I’ve peppered you with questions. Do you have any for me?
What do you think is going to happen in D.C., with the millennial situation in particular?
There are people building apartments as small as they possibly can. And instead of building many parking spaces, they’re building bicycle parking and car-sharing spots. They’re building cyber-cafes. All that is for primarily new college graduates. What happens at whatever age those people decide they want families? I don’t know that we know yet. But history has sort of shown they will want the same thing in a lot of ways that their parents wanted: the yard and the fence and the dog in the yard and all that.
I don’t think they’re going to come around to the very same thing they left.
I guess part of it is whether they grew up in a really boring, traffic-riddled suburb or a suburb like you or I grew up in.
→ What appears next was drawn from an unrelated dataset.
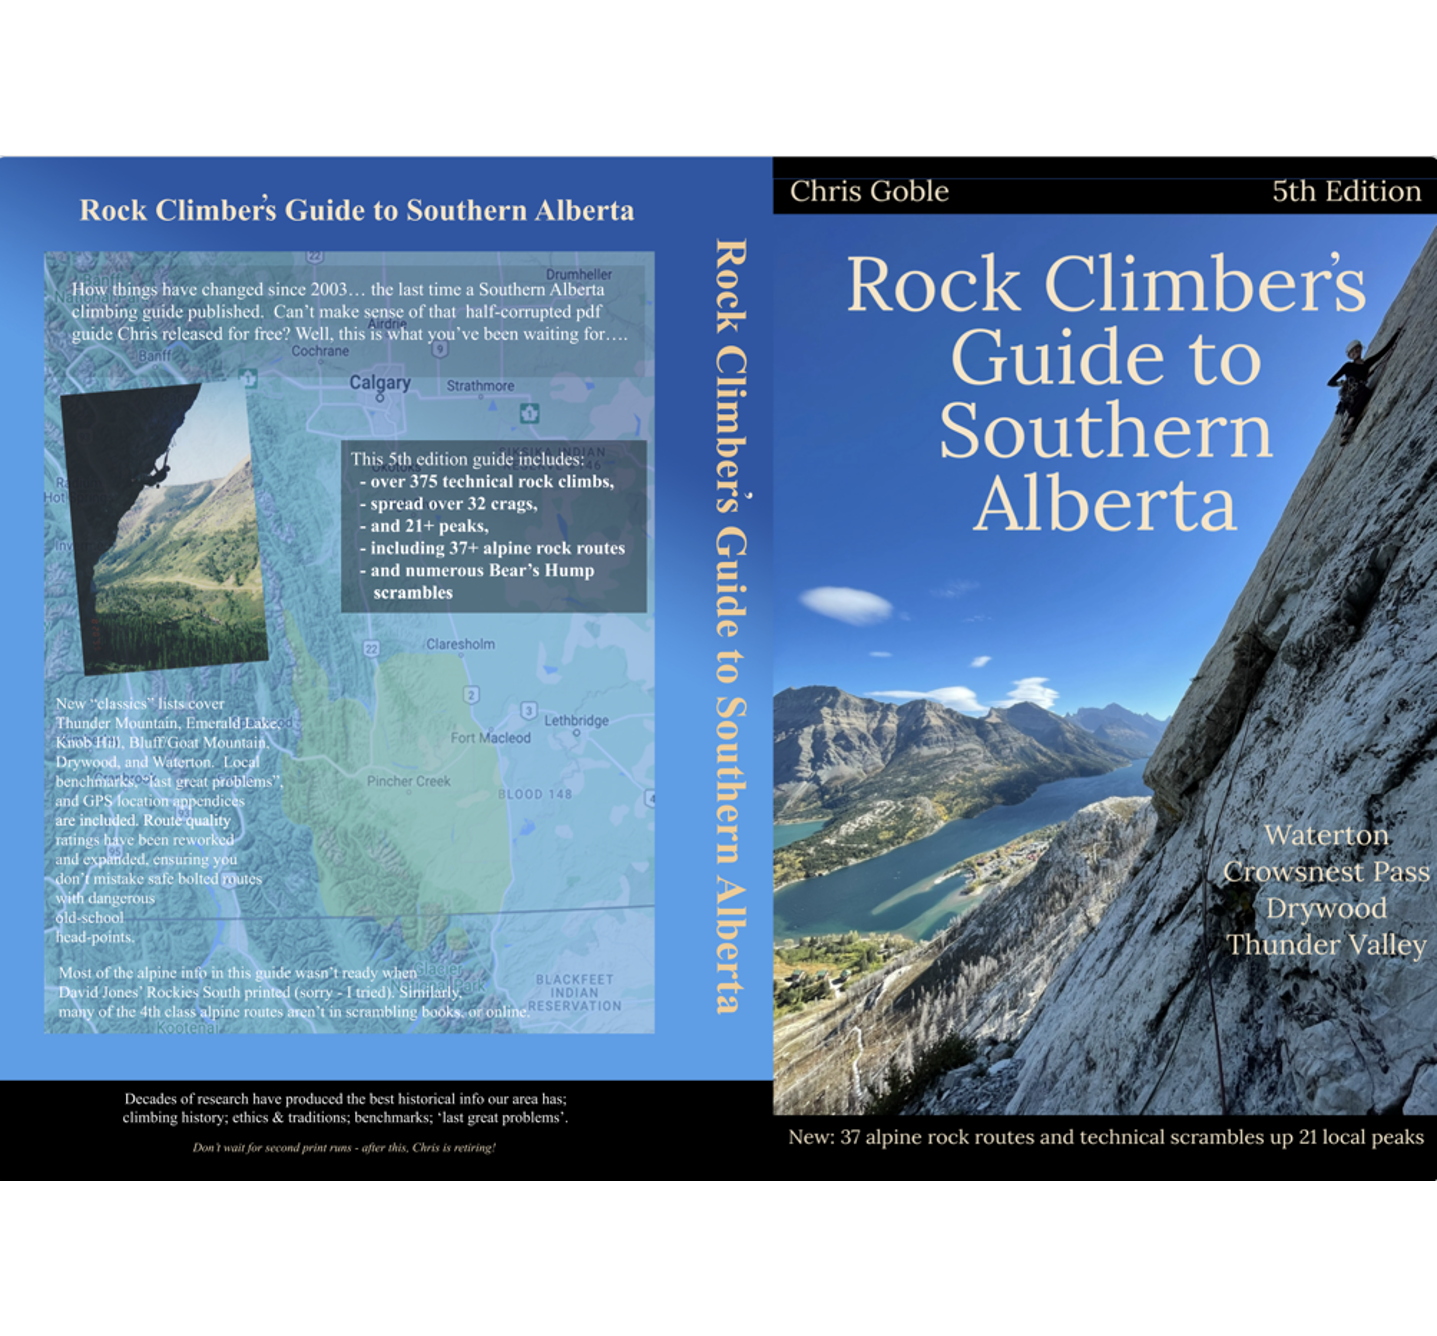 Rock Climber's Guide to Southern Alberta, 5th Edition

I have memories of being able to walk around and see kids on my block and play outside, which is something I’d like for my kids.
You can have that. The suburbs originally were supposed to be a combination of the city and the country. And we got urban sprawl. If suburbs got back to their roots, they’d make a lot of people happier.
One of the takeaways for me from your book was that there will be some winning suburbs and some losing suburbs. It’s maybe not the end of suburbs so much as the evolution of the suburbs.
Yes, absolutely. But it’s an end of a certain kind of suburb. I stand by that.